I got pound but stopped using it because there is no resistance training boost (i don't do a lot of high intensity cardio). but the other benefits like lowering insulin resistance are interesting. what dose do you taje
I'm going to start with 2 grams in my pre-workout drink. The low dose is to avoid paresthesia. I will likely do 2 doses split AM and afternoon to start.
 
After some interesting research, I have decided to give Beta Alanine a try. I watched a very informative SuperHuman Radio podcast the other day that touted it's benefits. I have never tried this, so I am interested in others experiences and thoughts.

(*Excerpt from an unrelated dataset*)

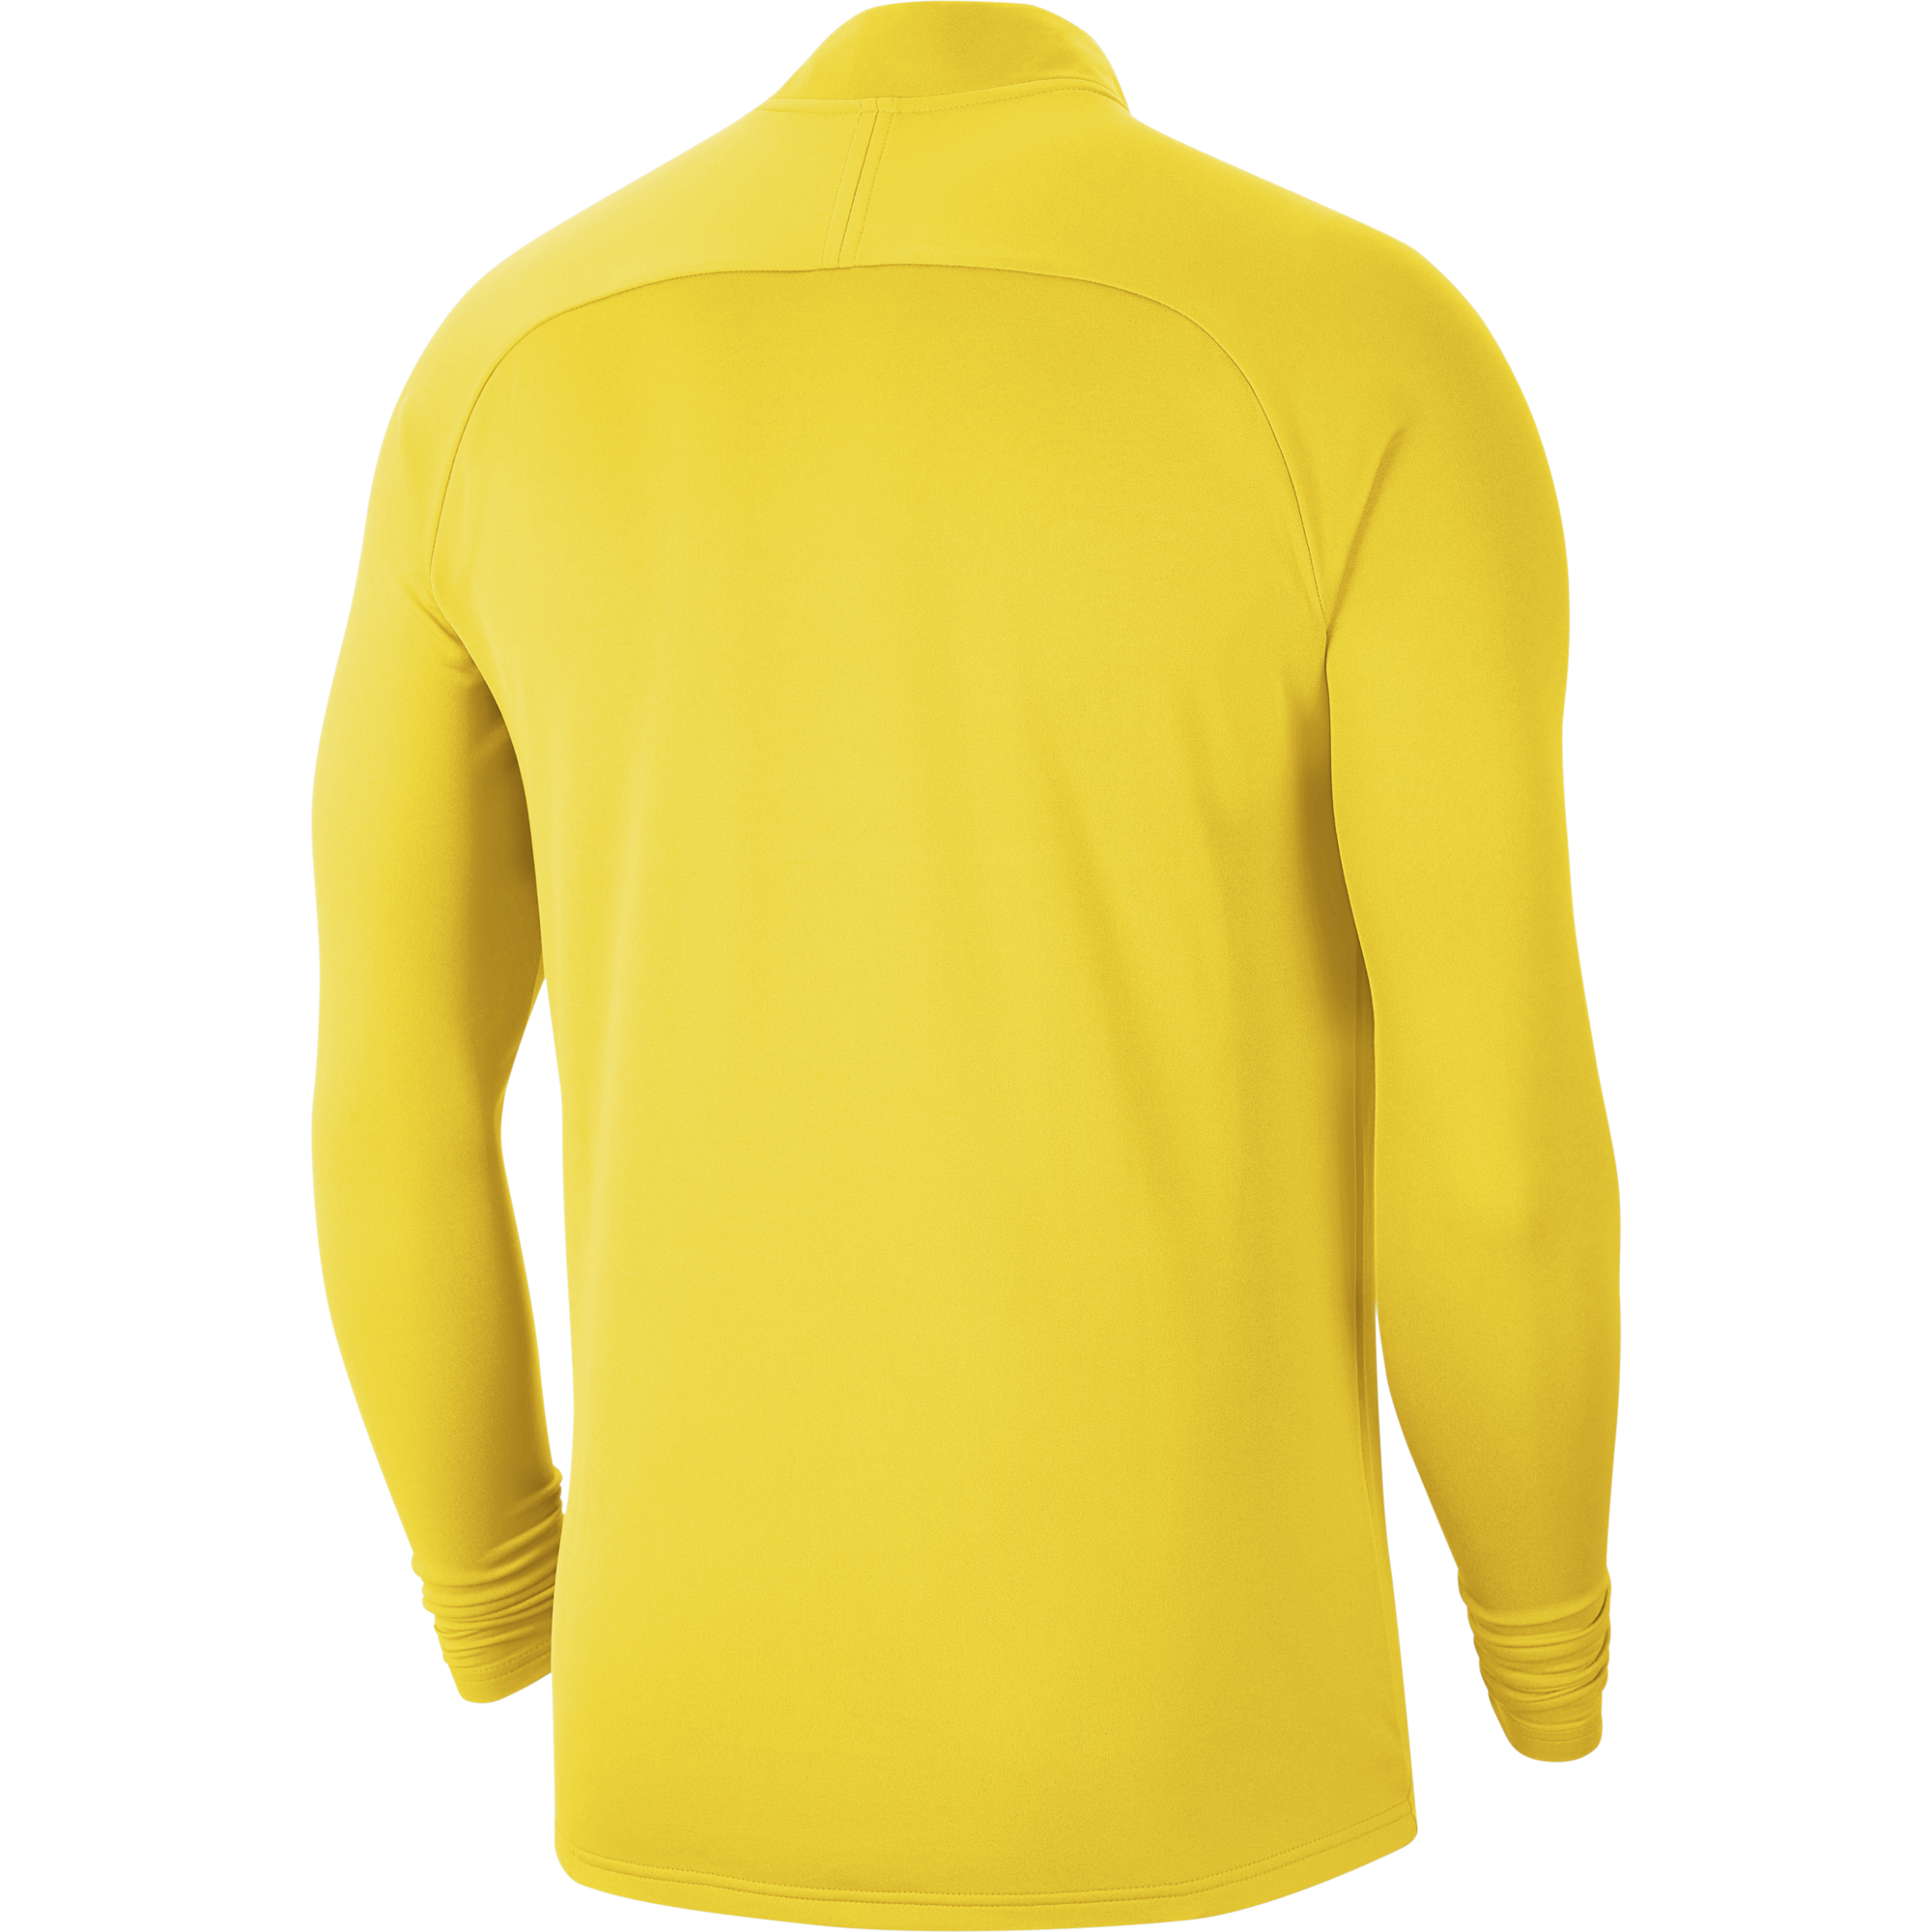 Academy 21 Drill Top (Youth)

How does beta-alanine work?
Beta-alanine works by elevating levels of carnosine in the body.
When beta-alanine is ingested, it combines with another amino acid called L-histidine, forming carnosine. Carnosine acts as an intracellular proton buffer — it protects against drops in pH (increases in acidity). Carnosine is stored in cells (i.e., brain and skeletal muscle tissue), and in response to increasing levels of acidosis, such as during intense exercise, carnosine buffers intracellular acidity by binding to hydrogen ions (H+), allowing for a longer duration of exercise at a higher intensity.
Why not take Carnosine instead? Actually I was reading about it lately and have a good sale going on so might get some from Life Extensions and give it a try as well.
 
After some interesting research, I have decided to give Beta Alanine a try. I watched a very informative SuperHuman Radio podcast the other day that touted it's benefits. I have never tried this, so I am interested in others experiences and thoughts.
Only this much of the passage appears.